4

I need to extract tables from pdf, these tables can be of any type, multiple headers, vertical headers, horizontal header etc.

I have implemented the basic use cases for both and found tabula doing a bit better than camelot still not able to detect all tables perfectly, and I am not sure whether it will work for all kinds or not.

So seeking suggestions from experts who have implemented similar use case.

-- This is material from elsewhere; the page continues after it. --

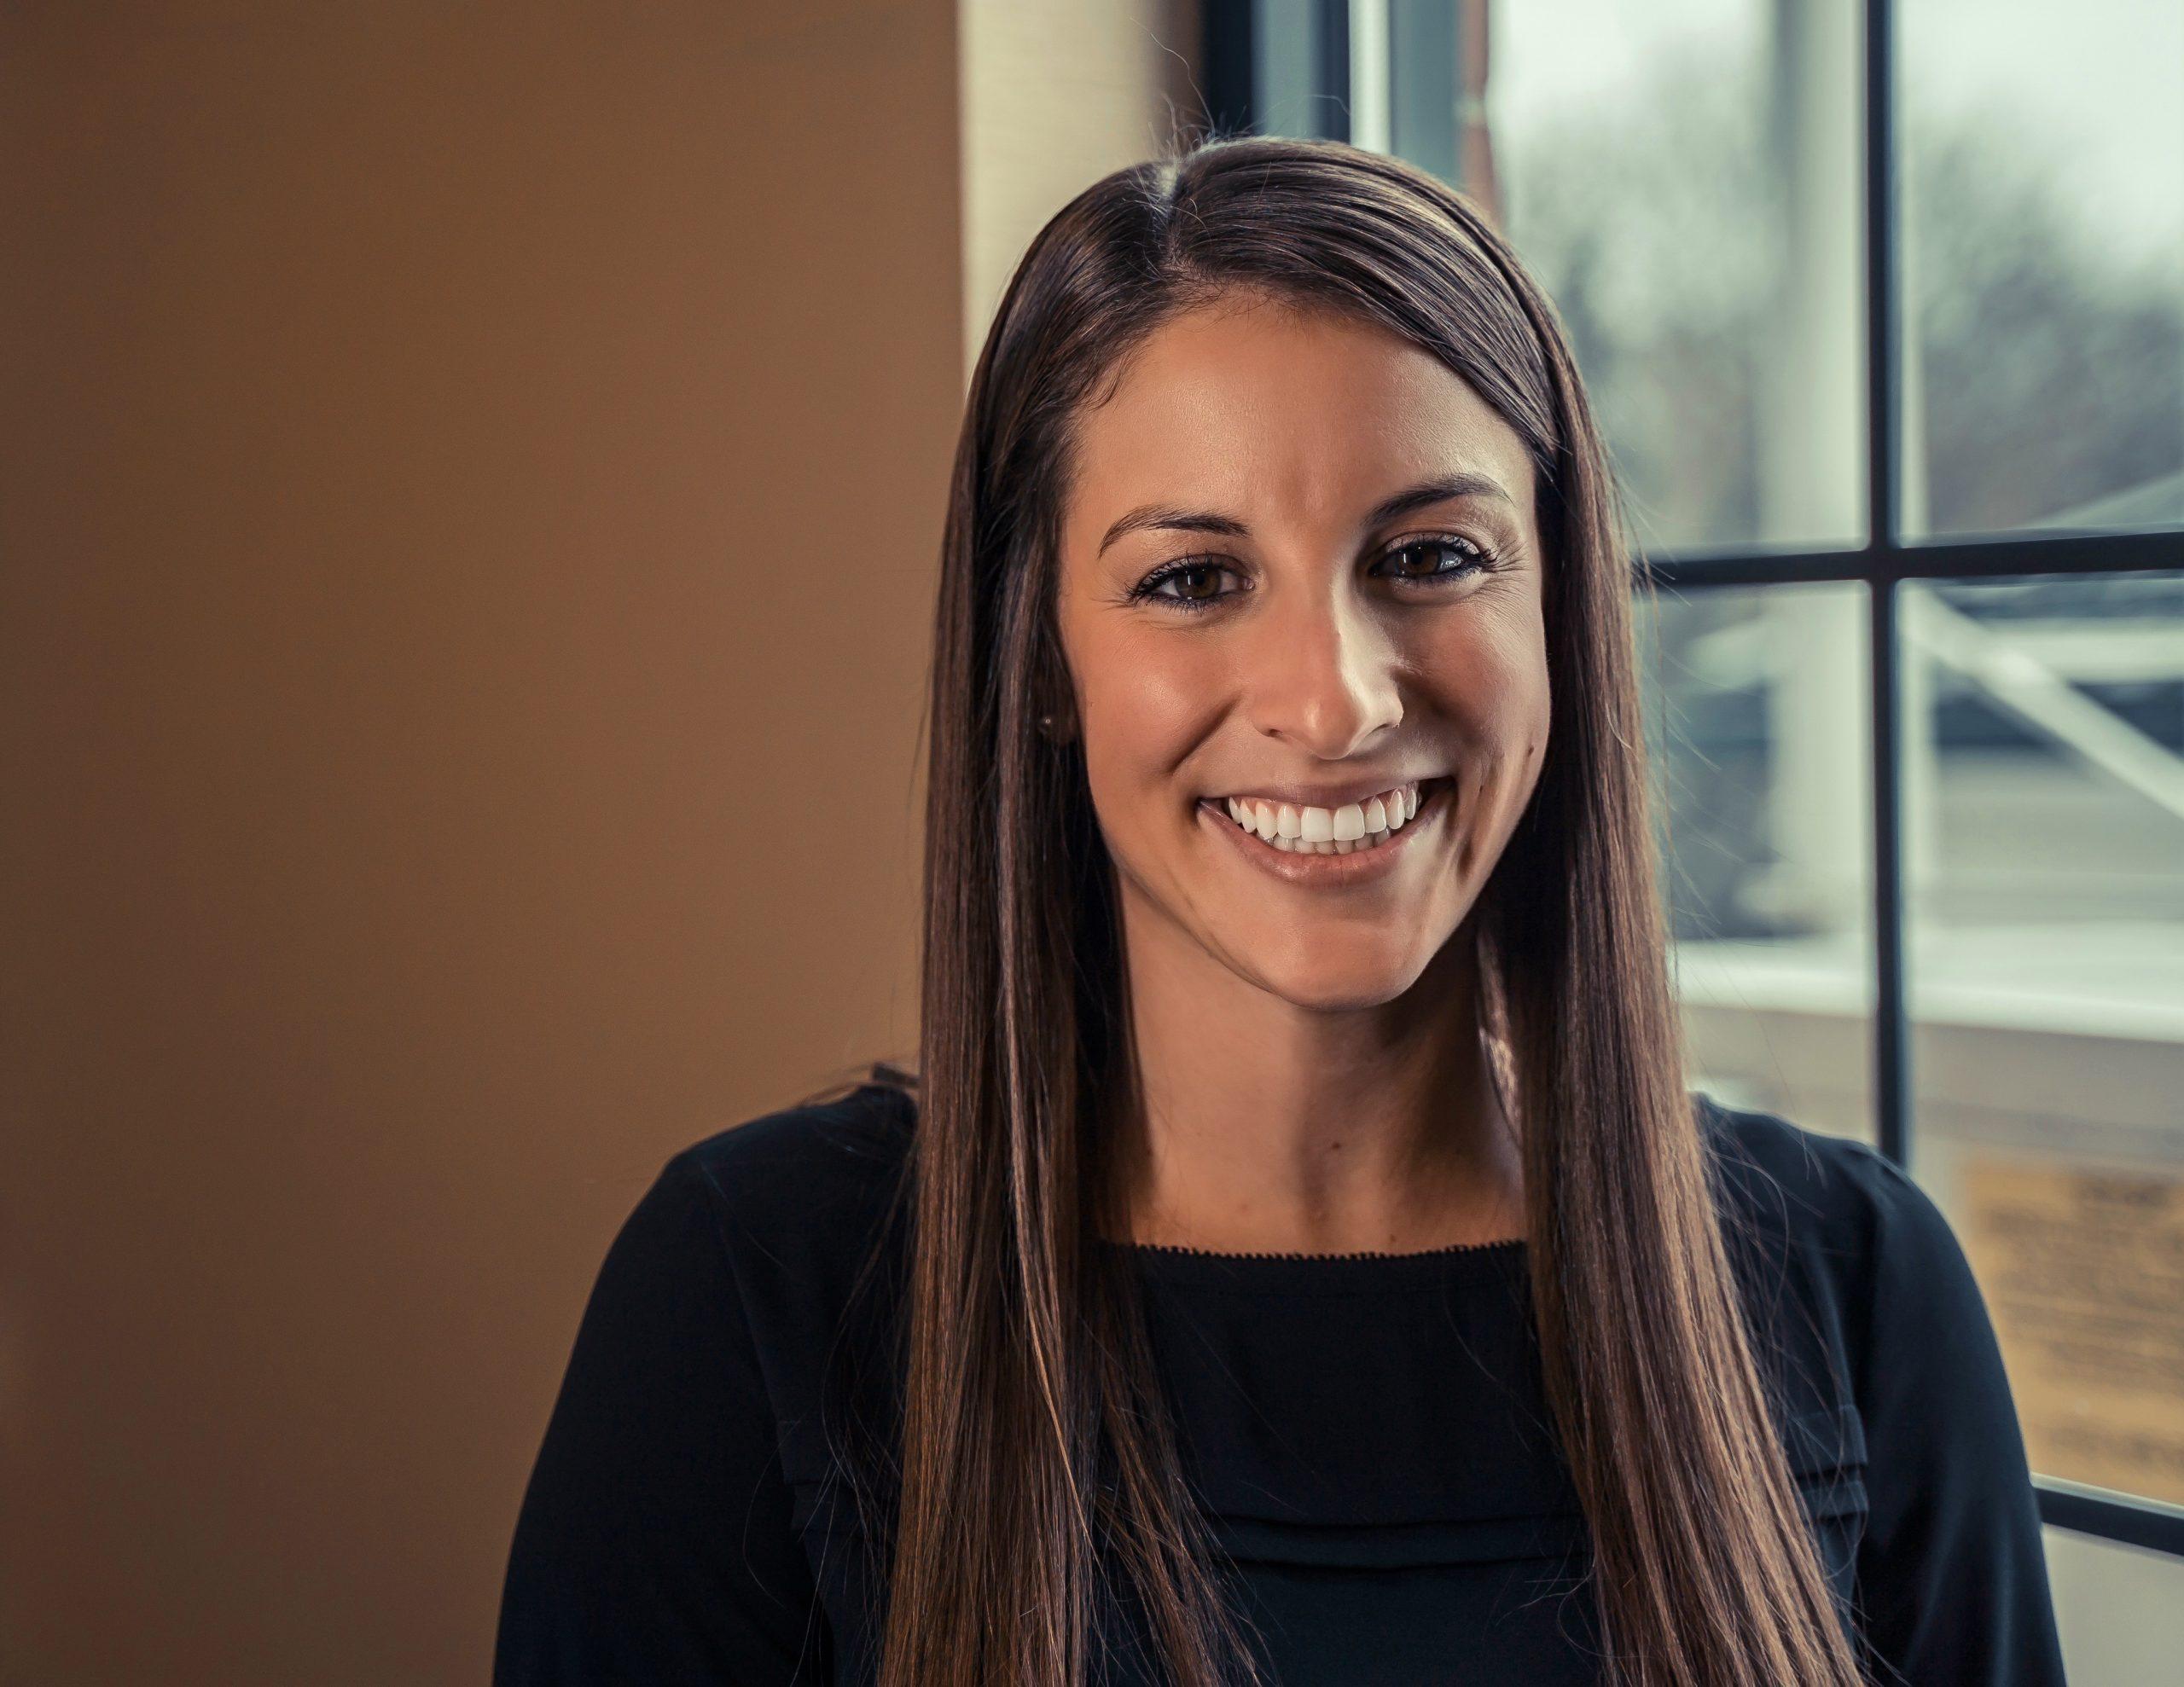 Megan Sage Mortgage Broker - Not Adults Video

Example PDFs: PDF1 PDF2 PDF3

Tabula Implementation:

import tabula
tab = tabula.read_pdf('pdfs/PDF1.pdf', pages='all')
for t in tab:
    print(t, "\n=========================\n")

Camelot Implementation:

import camelot
tables = camelot.read_pdf('pdfs/PDF1.pdf', pages='all', split_text=True)
tables
for tabs in tables:
    print(tabs.df, "\n=================================\n")
Niranjan Kumar
  • 1,438
  • 1
  • 12
  • 29
  • 3
    *"still not able to detect all tables perfectly"* - it is extremely unlikely that there will ever be a software *detecting all tables perfectly*. – mkl Apr 23 '20 at 13:52
  • @Niranjan Kumar: Try SLICEmyPDF in 1 of the answers at https://stackoverflow.com/questions/56017702/how-to-extract-table-from-pdf-in-python/72414309#72414309 – 123456 Jul 02 '22 at 07:48

2 Answers2

9

Please read this: https://camelot-py.readthedocs.io/en/master/#why-camelot

The main advantage of Camelot is that this library is rich in parameters, through which you can improve the extraction.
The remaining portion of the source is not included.